Penerimaan pajak yang signifikan dapat diperoleh dengan mengatasi kesenjangan pajak, terutama pada PPN dan PPh Badan. Rasio pajak Indonesia pada 2023 sebesar 10,2 persen dari PDB adalah yang terendah dibandingkan negara-negara sebanding di kawasan dan negara berkembang besar lainnya. Penerimaan pajak Indonesia sekitar 6 poin persentase lebih rendah dibandingkan negara sebanding.
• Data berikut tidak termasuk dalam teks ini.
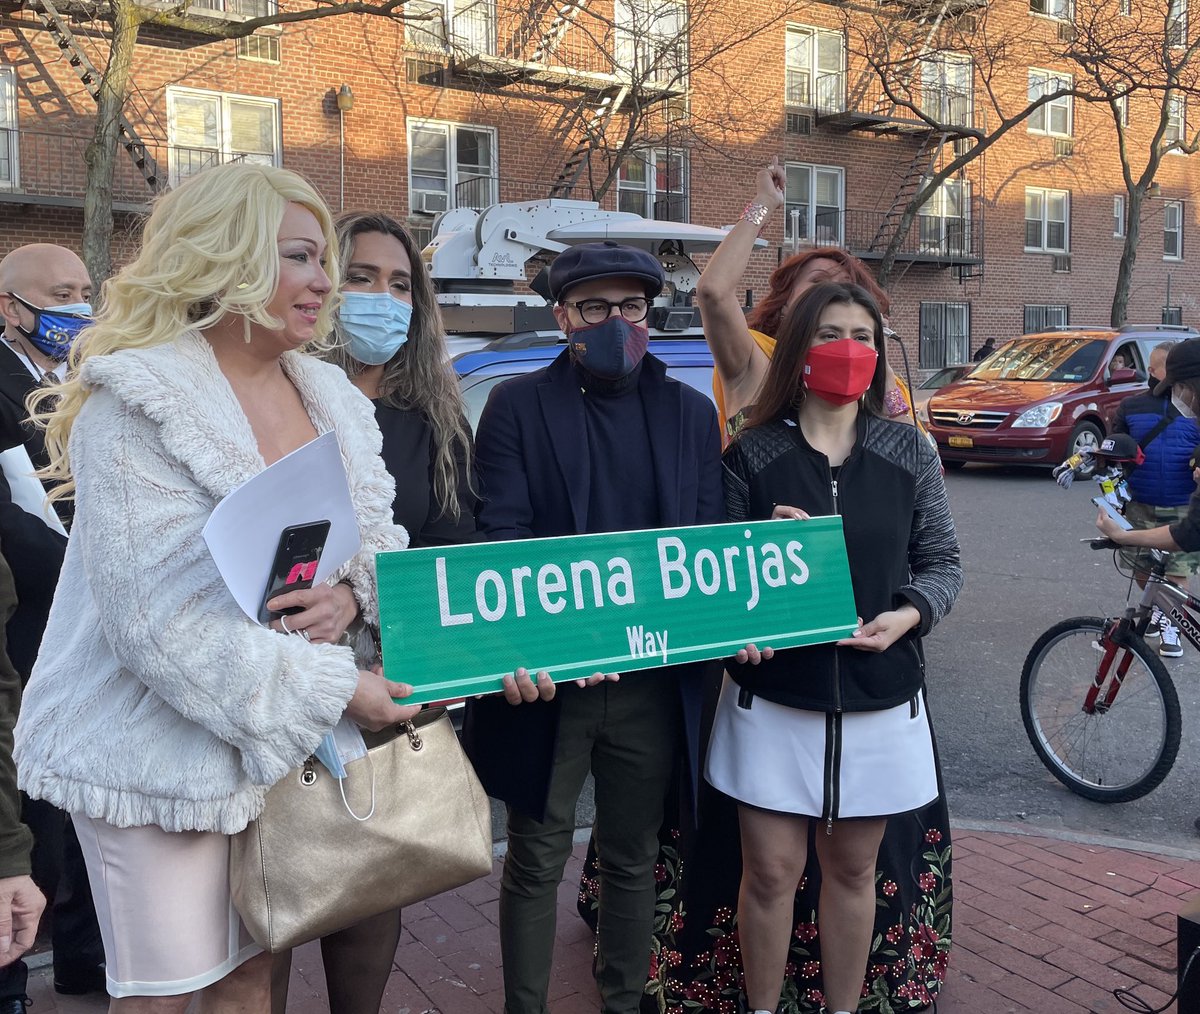 Lorena Borjas fearlessly lived her truth & fought tirelessly for her pájaras, her trans community—inspiring so many along the way. It’s because of her activism we passed the #WalkingWhileTrans ban & are even talking about decriminalizing #SexWork.

Antara 2016 dan 2021, penerimaan pajak yang hilang dari PPN dan PPh Badan rata-rata mencapai 6,4 persen dari PDB. Kekurangan ini disebabkan oleh kebijakan yang tidak optimal dan rendahnya kepatuhan pajak.

Secara keseluruhan, untuk meningkatkan penerimaan pajak, Indonesia perlu melakukan reformasi menyeluruh yang mencakup perluasan basis pajak, perbaikan administrasi perpajakan, serta mengatasi kendala struktural yang menghambat kepatuhan. Reformasi yang dapat memperluas basis pajak antara lain dengan menurunkan ambang batas pendaftaran untuk PPN, sehingga lebih sesuai dengan standar negara berpenghasilan menengah. Hal ini juga bisa diterapkan pada PPh Final UMKM yang bersifat sementara, sementara UMKM di bawah ambang batas tersebut dapat dikenakan PPh Final secara permanen.

Untuk mengatasi kendala struktural yang ada, perlu dilakukan pendalaman sektor keuangan, yang dapat memberikan dampak positif dalam memperkuat kepatuhan pajak. Pendalaman sektor keuangan diharapkan dapat meningkatkan transparansi informasi, mendorong formalitas dalam transaksi bisnis, dan memudahkan pelaporan pajak. Langkah-langkah ini, jika dilaksanakan dengan baik, tidak hanya akan meningkatkan penerimaan pajak, tetapi juga membantu menciptakan sistem perpajakan yang lebih efisien, transparan, dan berkelanjutan di masa depan.